Benchmark is easy to misuse
The main parameter beside resolution is the steps parameter. This indicates (for me at least) that as you make more steps the benchmark is more meaningful.
That is somehow true. But this also highly depends on the resolution. E.g.:
- You benchmark with a resolution of 4048 and 1000 steps. The result of the benchmark is 400 Mlups.
Basically you told the benchmark to calculate
4,048 Nodes * 4,048 Nodes * 1,000 Steps = 16,386,304,000 NodesThe benchmark took16,386,304,000 Nodes / 400,000,000 lups = ~41 Seconds
- You benchmark with a resolution of 16 and 1000 steps. The result of the benchmark is 350 Mlups.

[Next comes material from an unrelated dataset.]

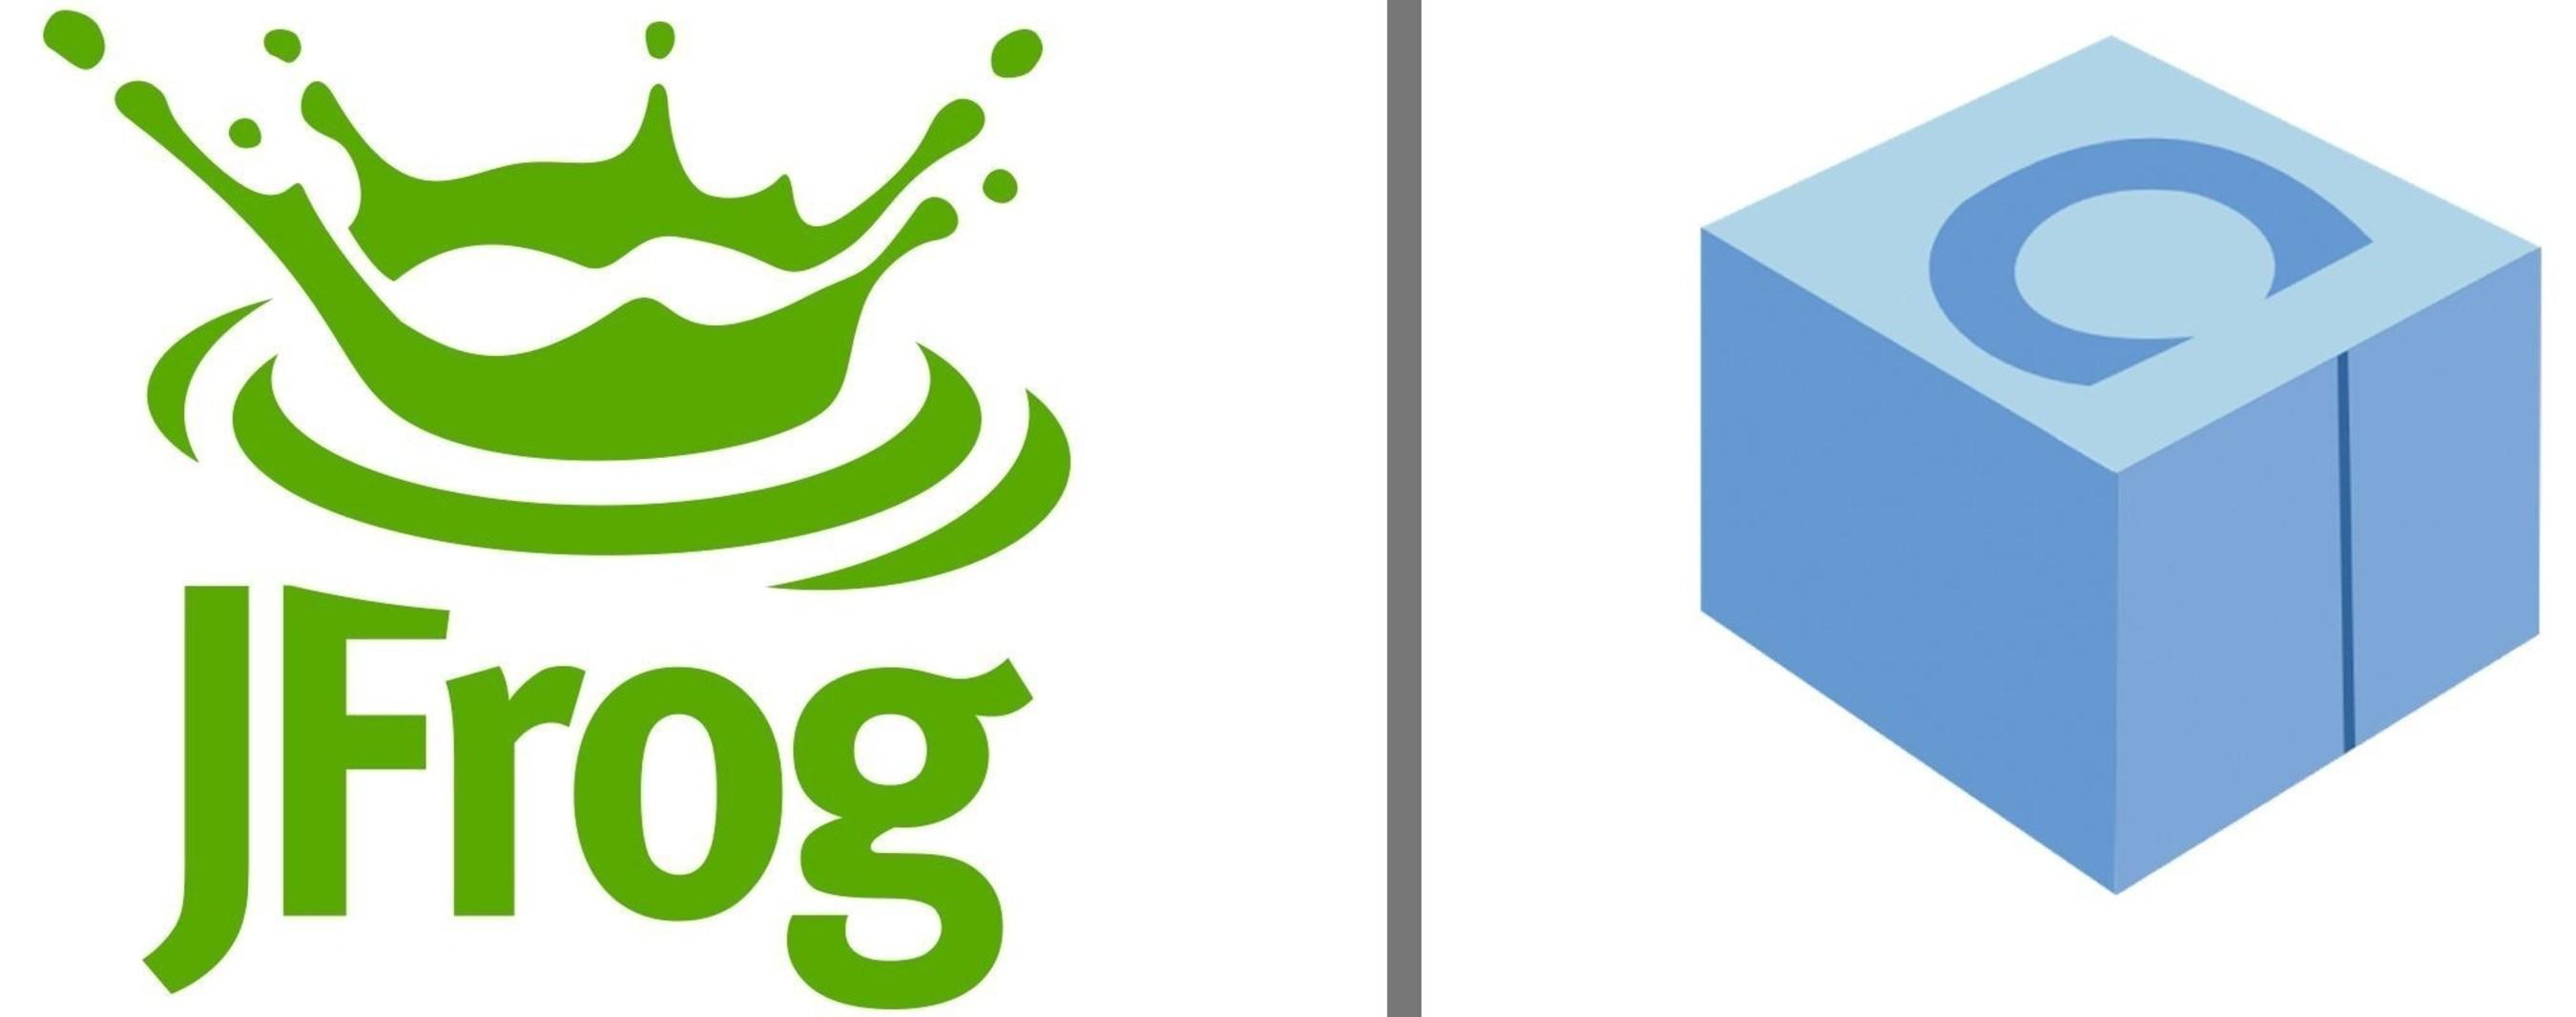 JFrog Acquires Conan, Bringing DevOps to C/C++

Basically you told the benchmark to calculate
16 Nodes * 16 Nodes * 1,000 Steps = 256,000 NodesThe benchmark took256,000 Nodes / 350,000,000 lups = ~0.0007314 Seconds
There one big issue in comparing these two benchmarks:
- The time the second benchmark took is so short that you would say it is not accurate at all. There is just too much noise in the performance of a GPU for such a short benchmark to be accurate
- On the other hand the first benchmark seems much more accurate.
What I described is not a Bug but it leads the user to misuse the api.
I would consider to either change the benchmark parameter to Seconds or to TotalNodes (to process).
A Seconds parameter would make the benchmark also more useful for automation as it is somehow uncomfortable to run a process that takes an unclear amount of time.